**ABOUT THIS EXERCISE**
Pictures in the records below must be left out. Return exactly the lines from the line with "Elon Musk unveils" to the line with "Renewable Energy Vs. Nuclear Power", both included.

**DATA FOR PROCESSING**
····················

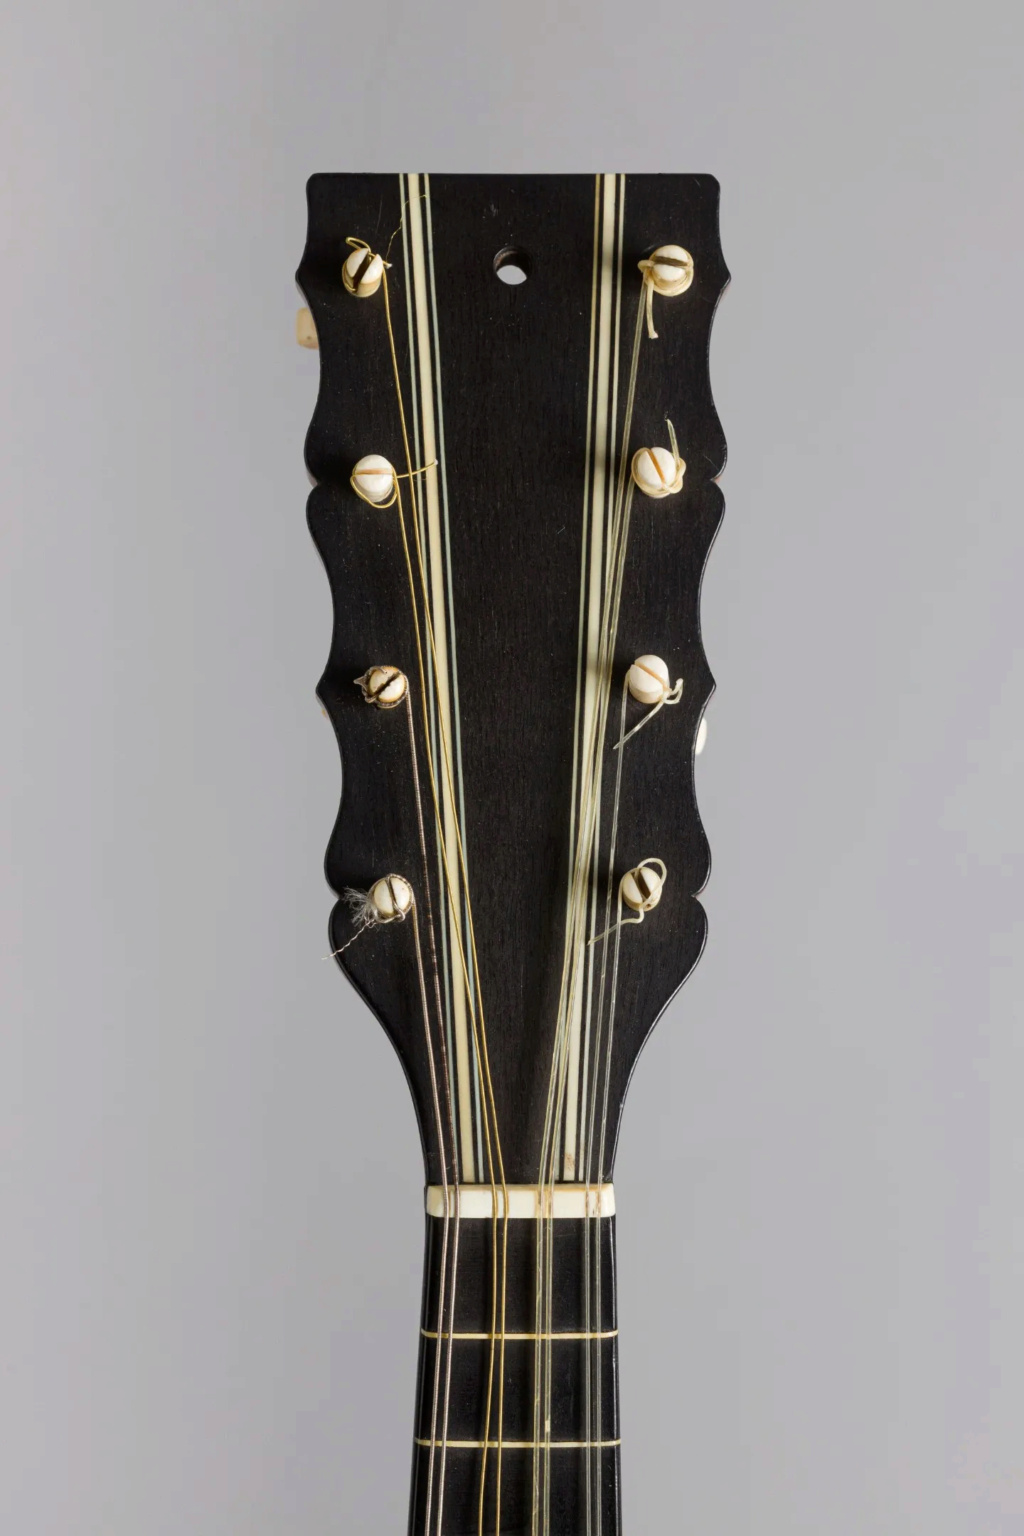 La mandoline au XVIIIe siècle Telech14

····················

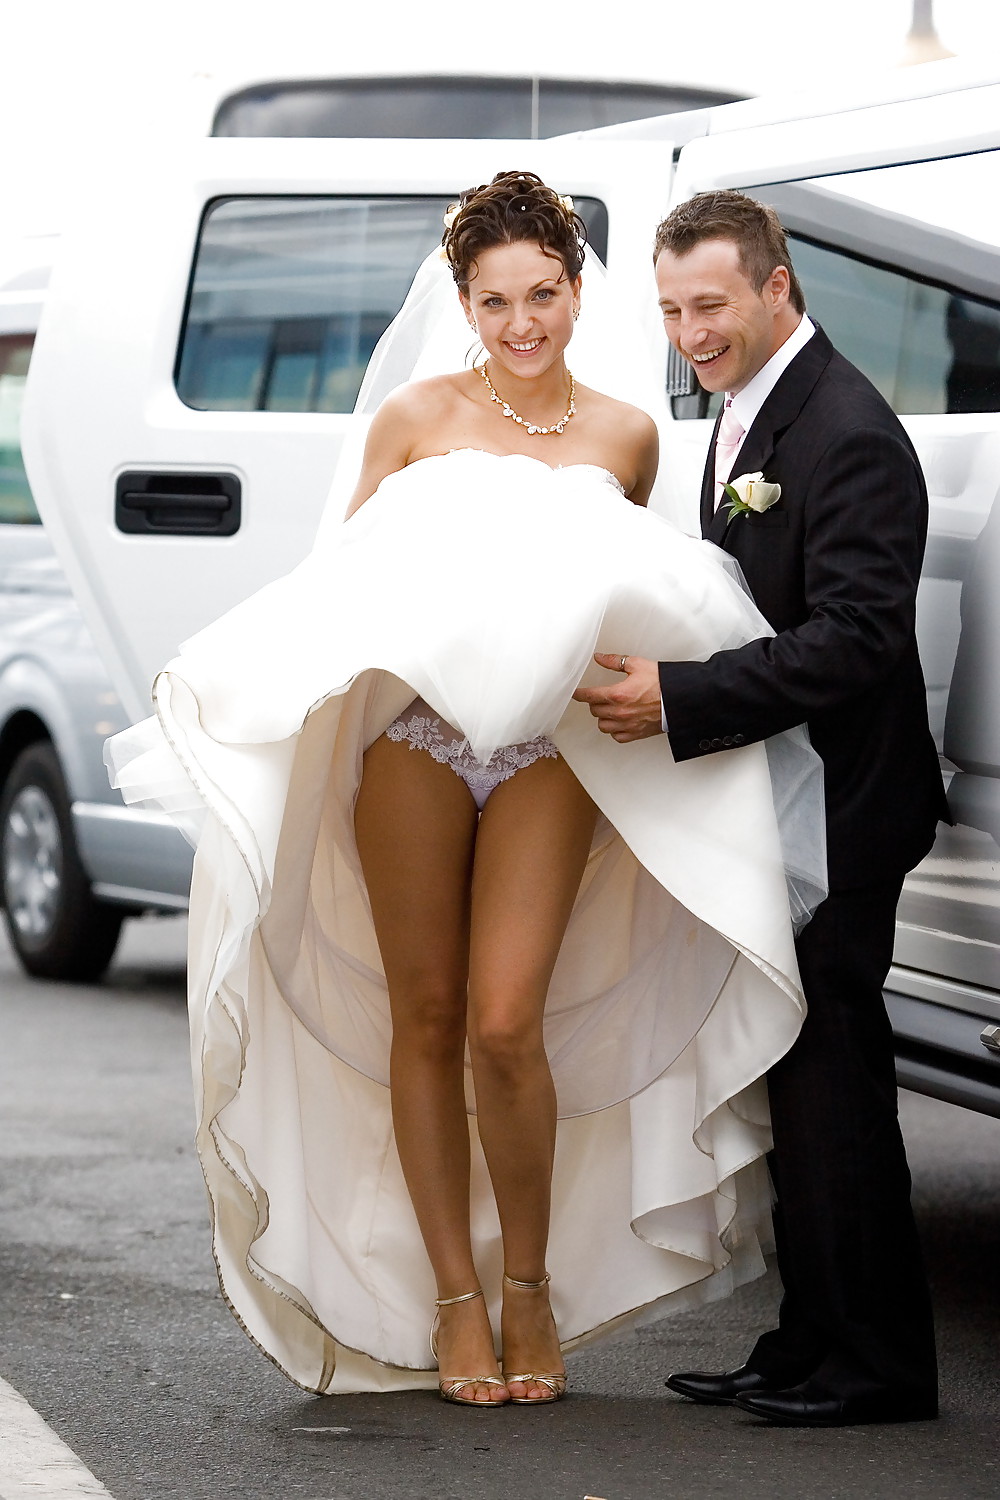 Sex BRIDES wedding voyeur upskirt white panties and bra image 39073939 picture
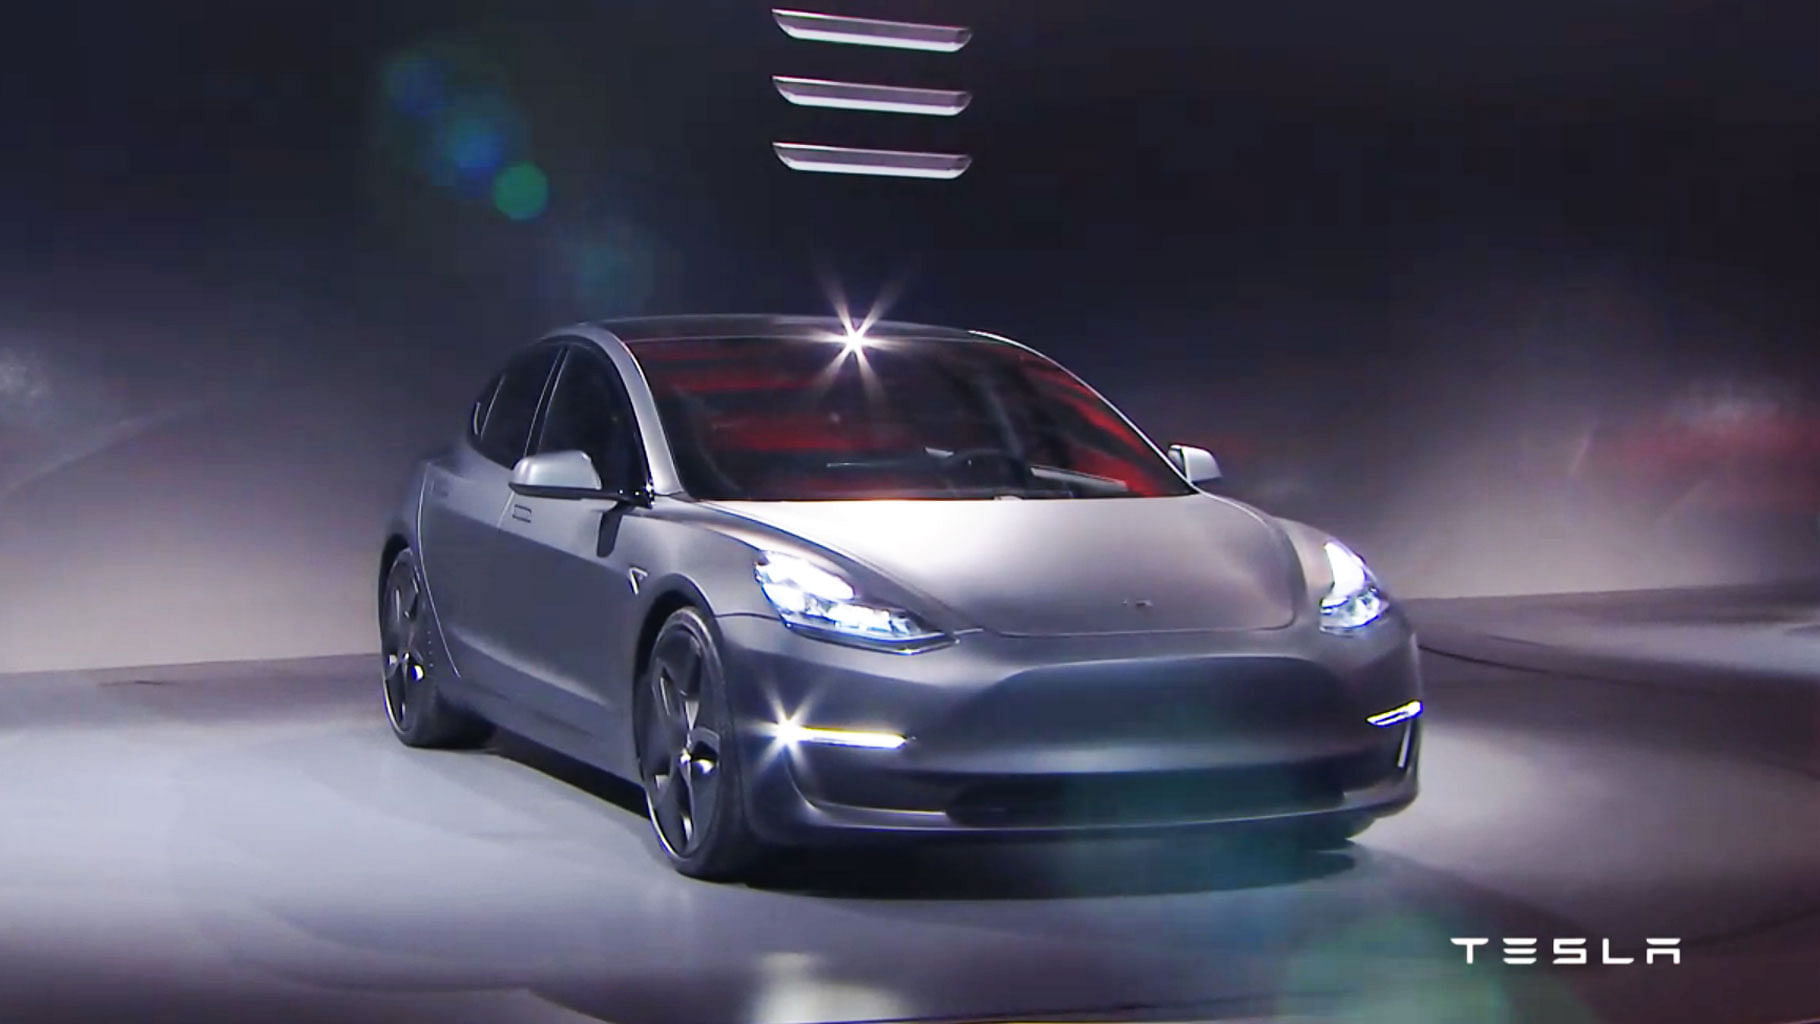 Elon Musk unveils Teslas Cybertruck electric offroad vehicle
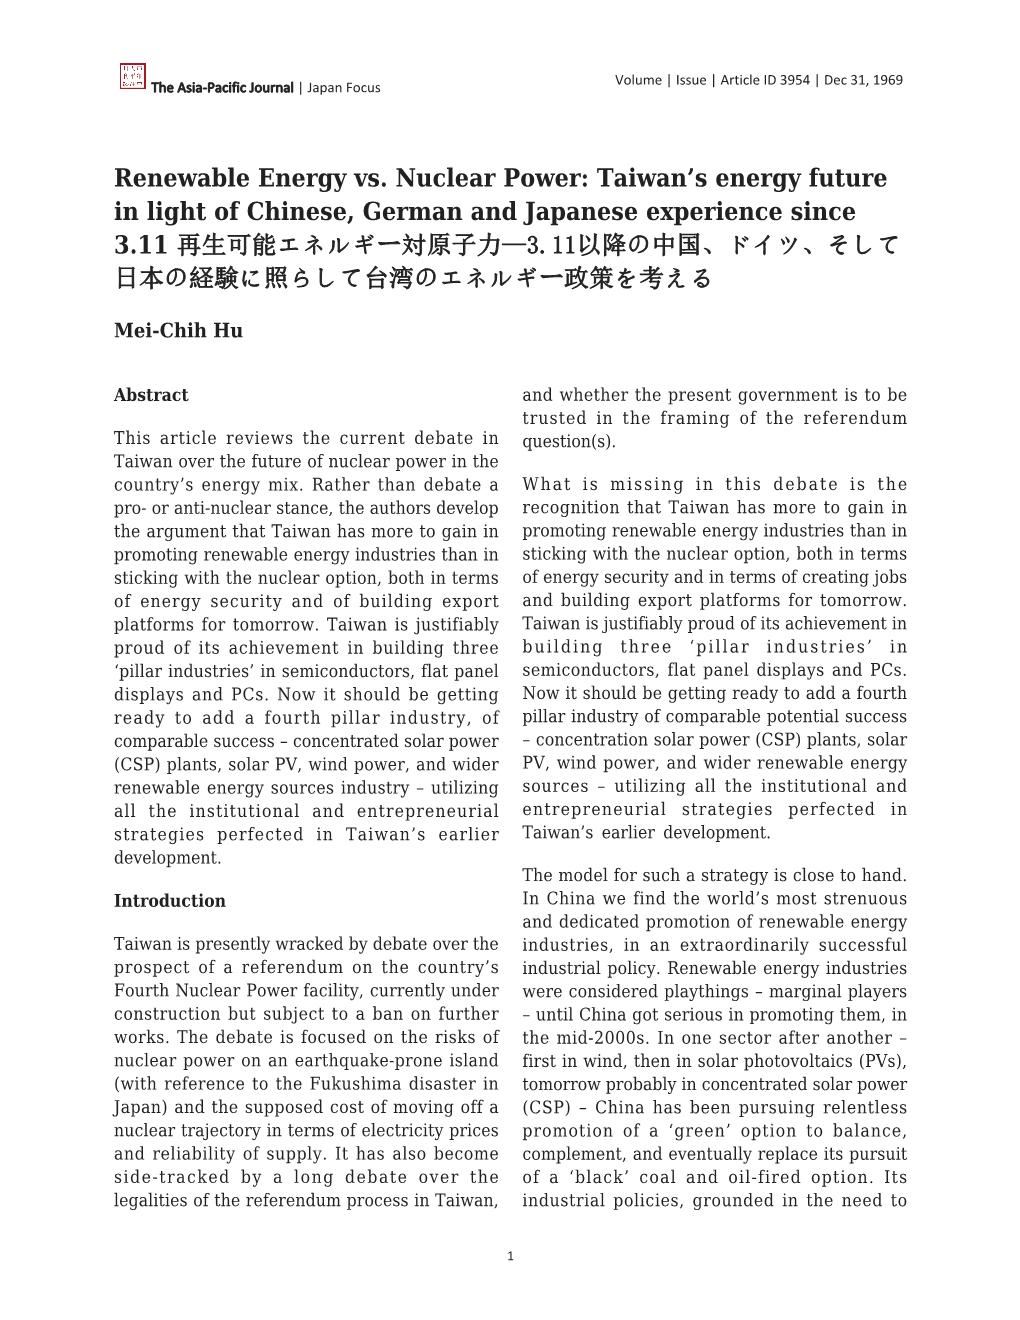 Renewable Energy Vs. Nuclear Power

····················

**THE ANSWER**
 Elon Musk unveils Teslas Cybertruck electric offroad vehicle
 Renewable Energy Vs. Nuclear Power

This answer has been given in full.